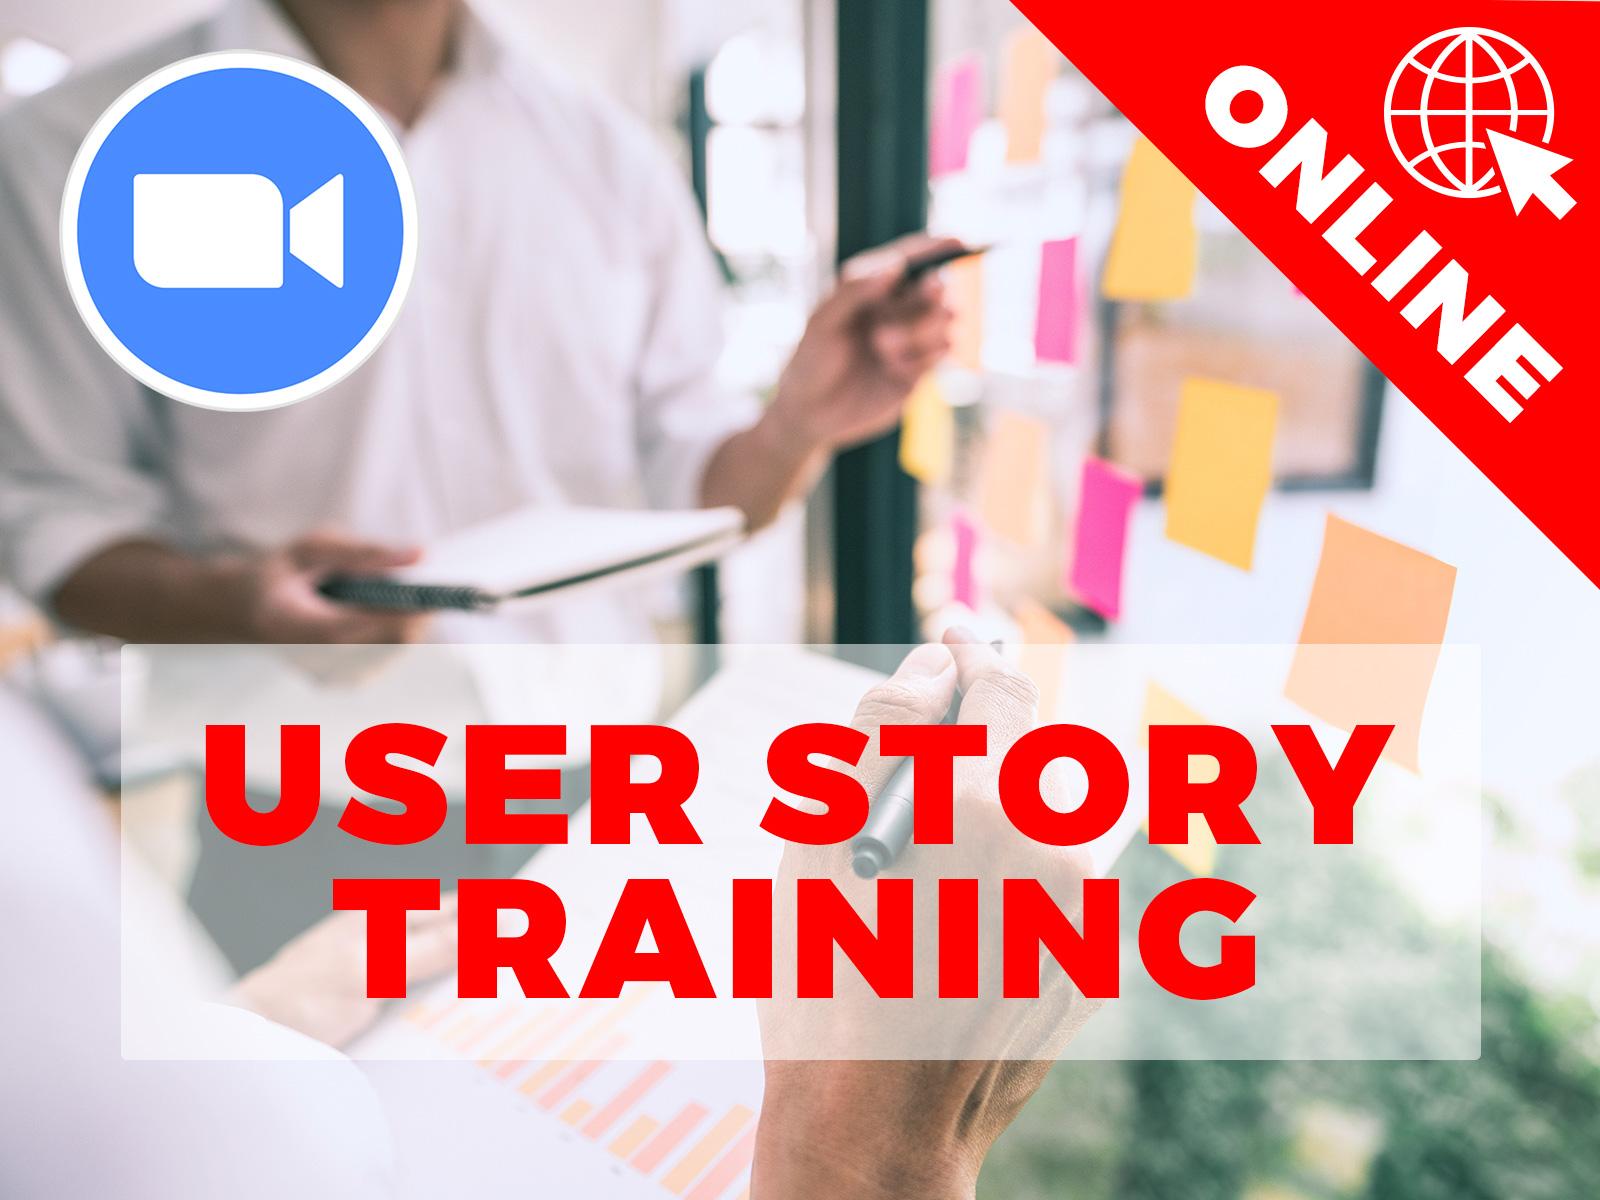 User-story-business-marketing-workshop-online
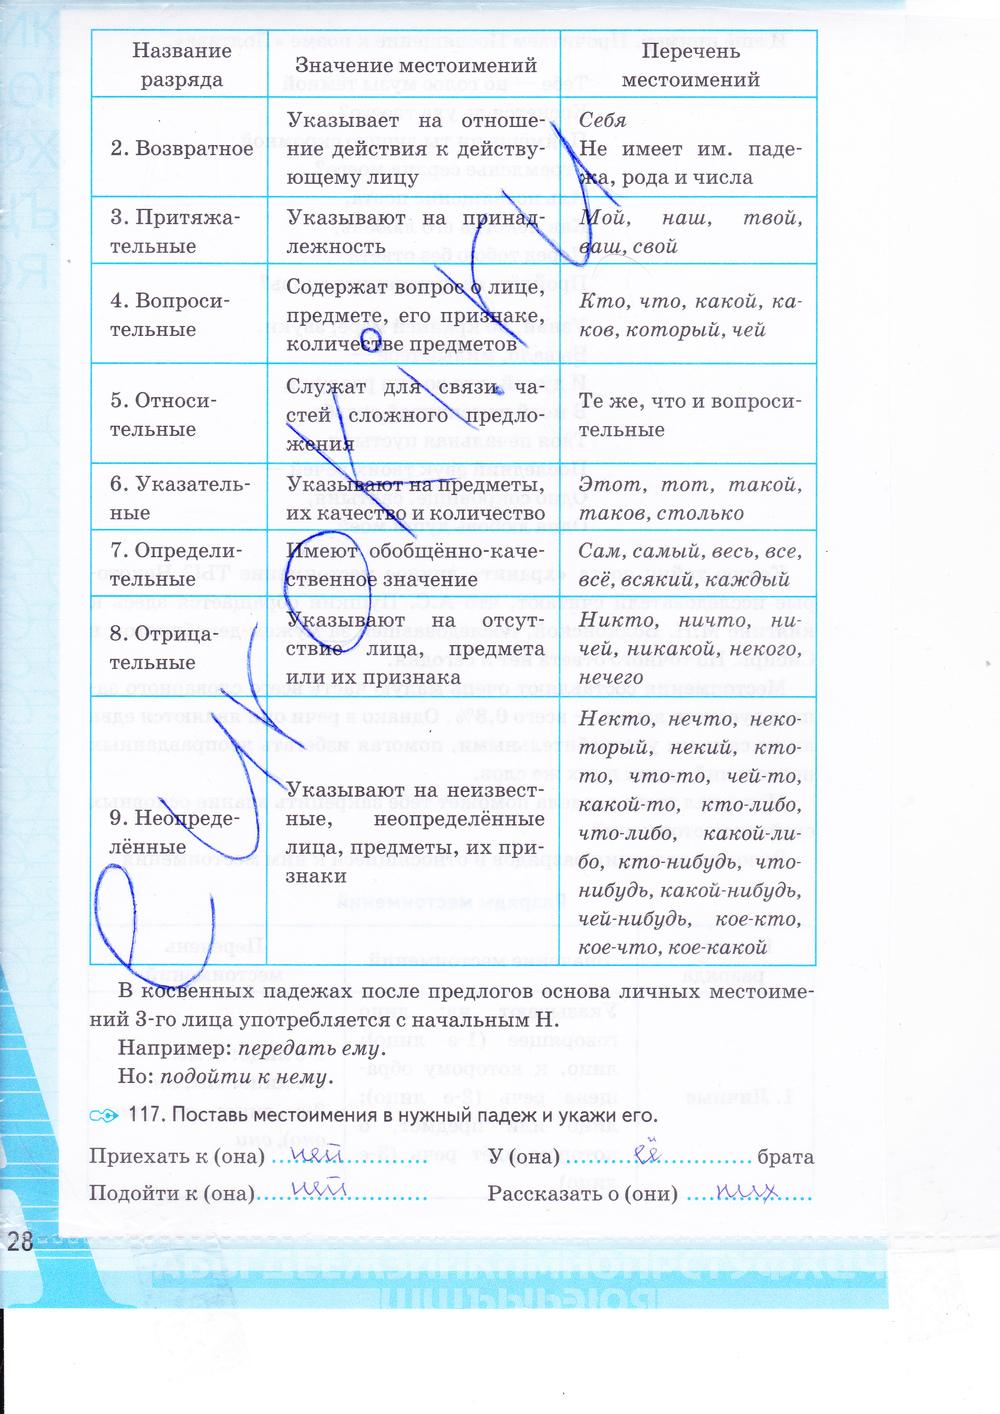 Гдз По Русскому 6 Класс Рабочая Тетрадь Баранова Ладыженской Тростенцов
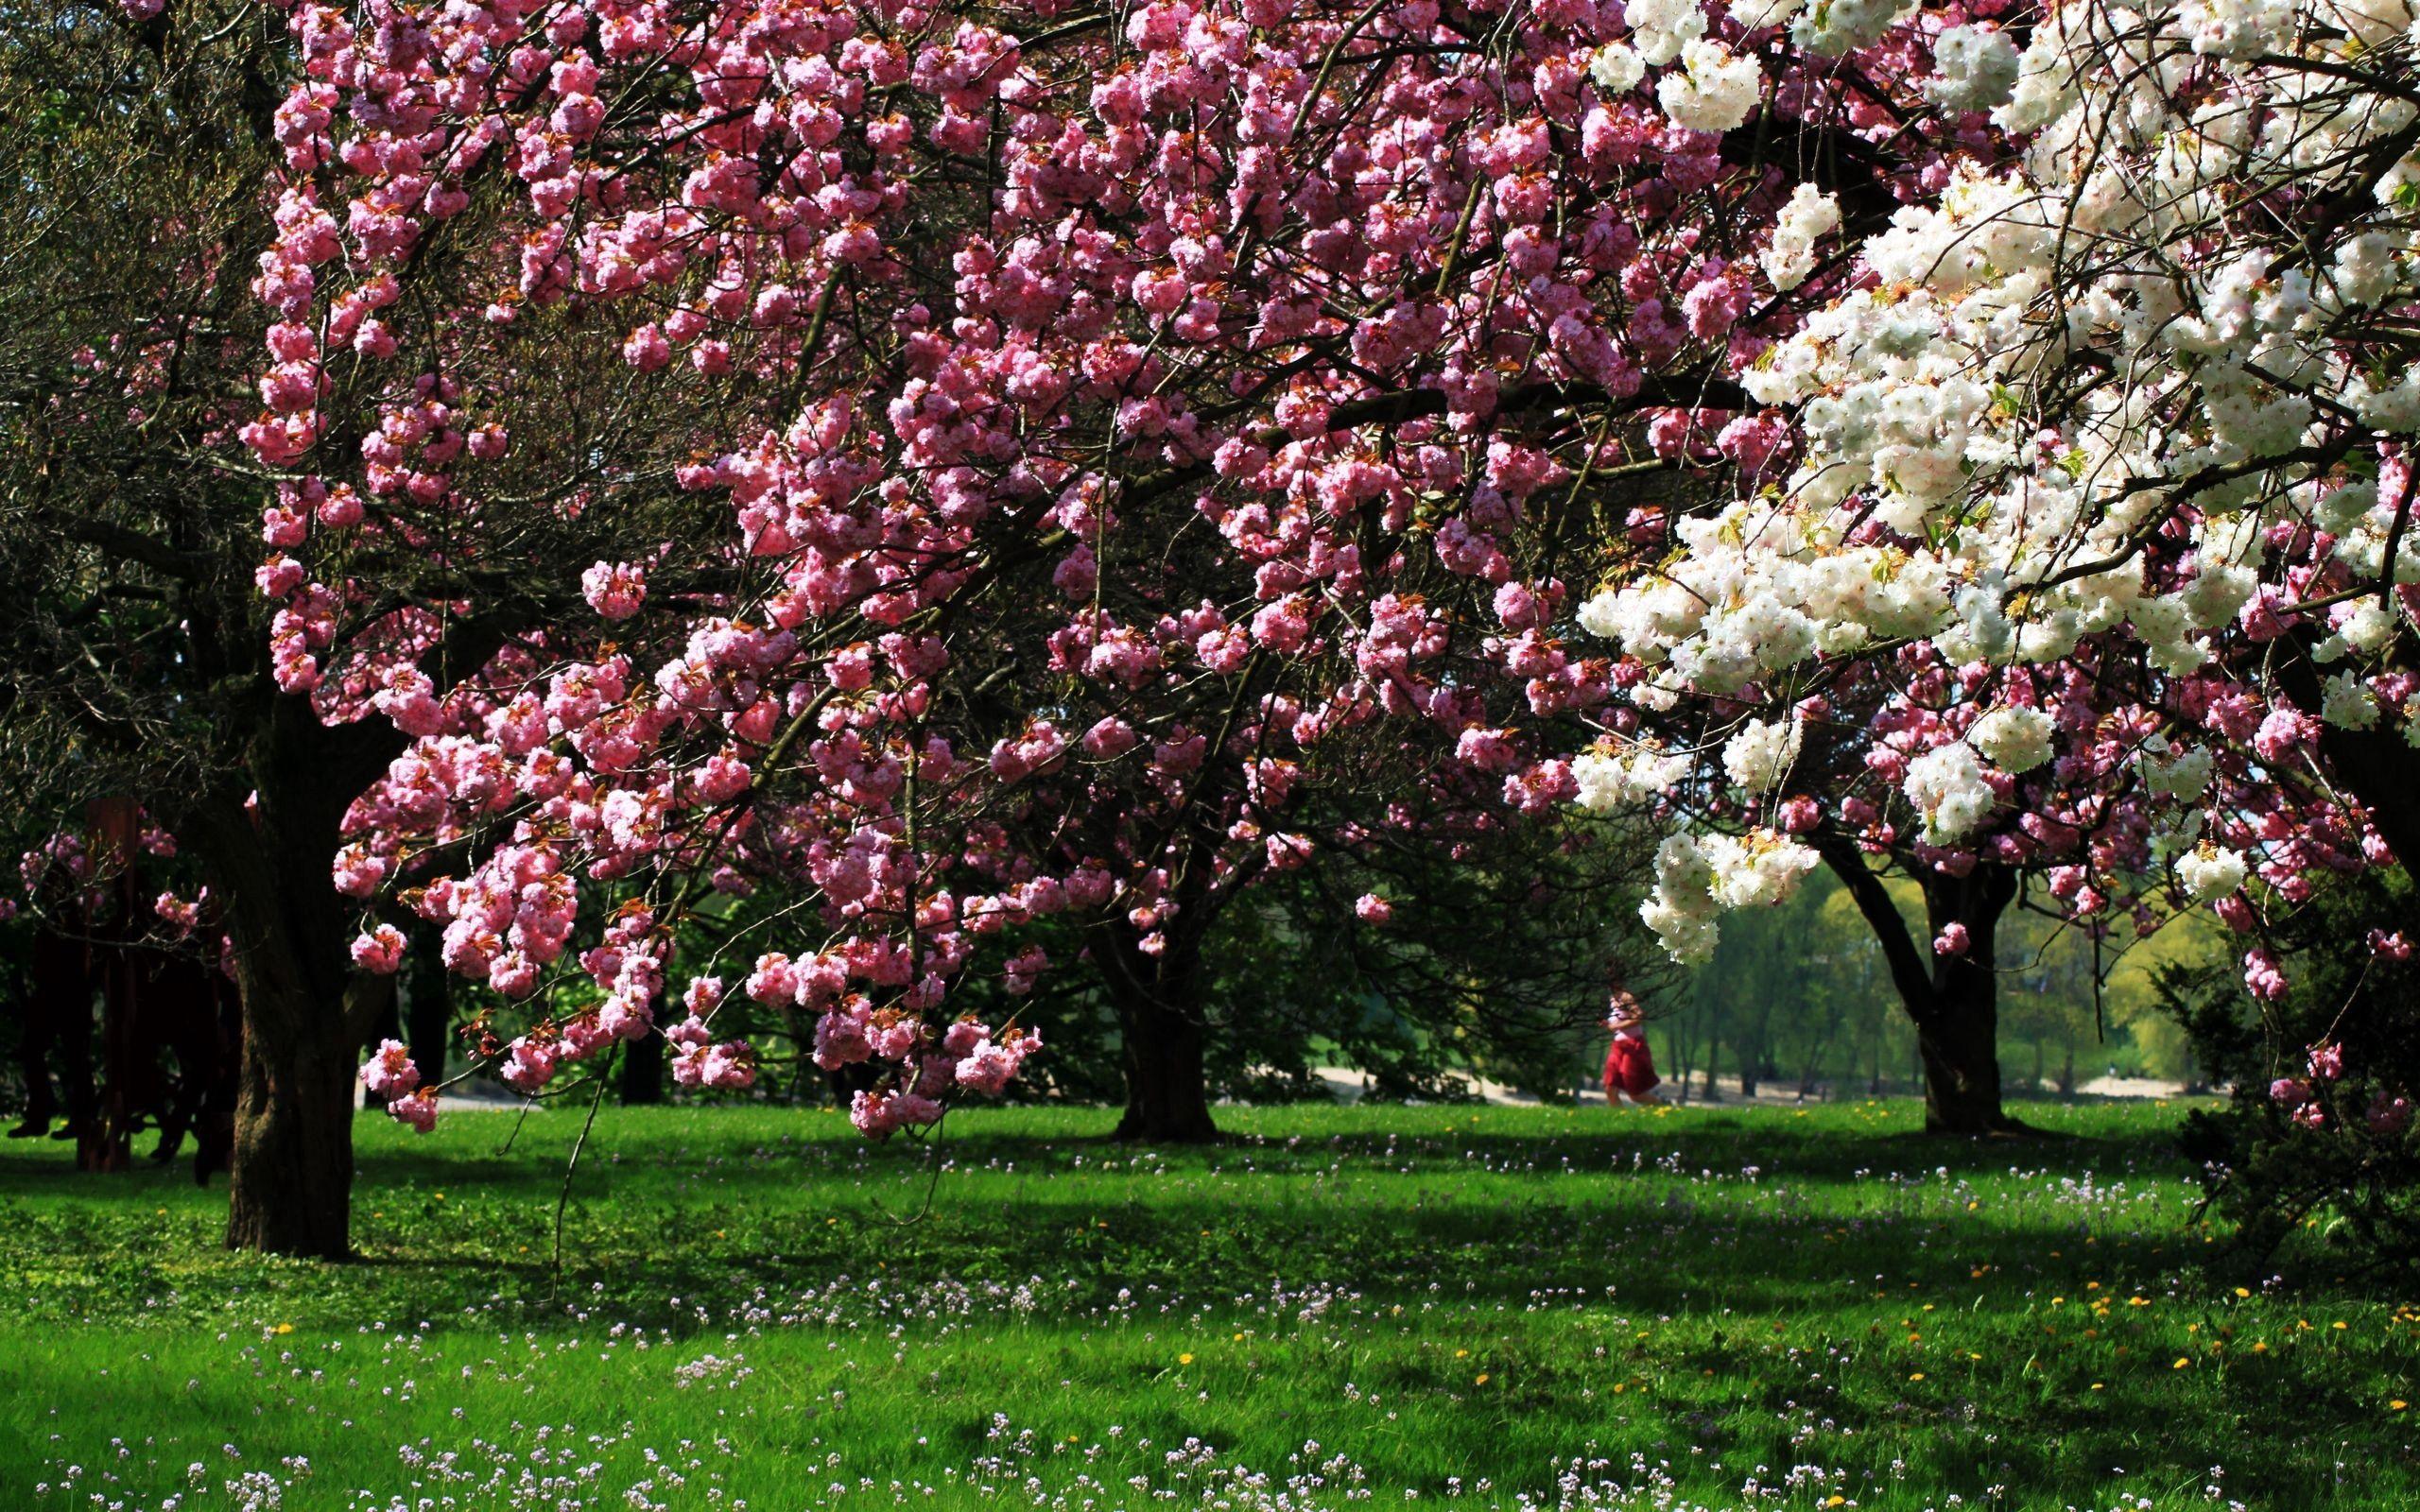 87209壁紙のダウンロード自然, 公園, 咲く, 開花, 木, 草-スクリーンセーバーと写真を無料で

☆ ☆ ☆ ☆ ☆ ☆ ☆

# Directions for this task
Copy every line of the listing above exactly. Leave each picture out.

# Task result
 User-story-business-marketing-workshop-online
 Гдз По Русскому 6 Класс Рабочая Тетрадь Баранова Ладыженской Тростенцов
 87209壁紙のダウンロード自然, 公園, 咲く, 開花, 木, 草-スクリーンセーバーと写真を無料で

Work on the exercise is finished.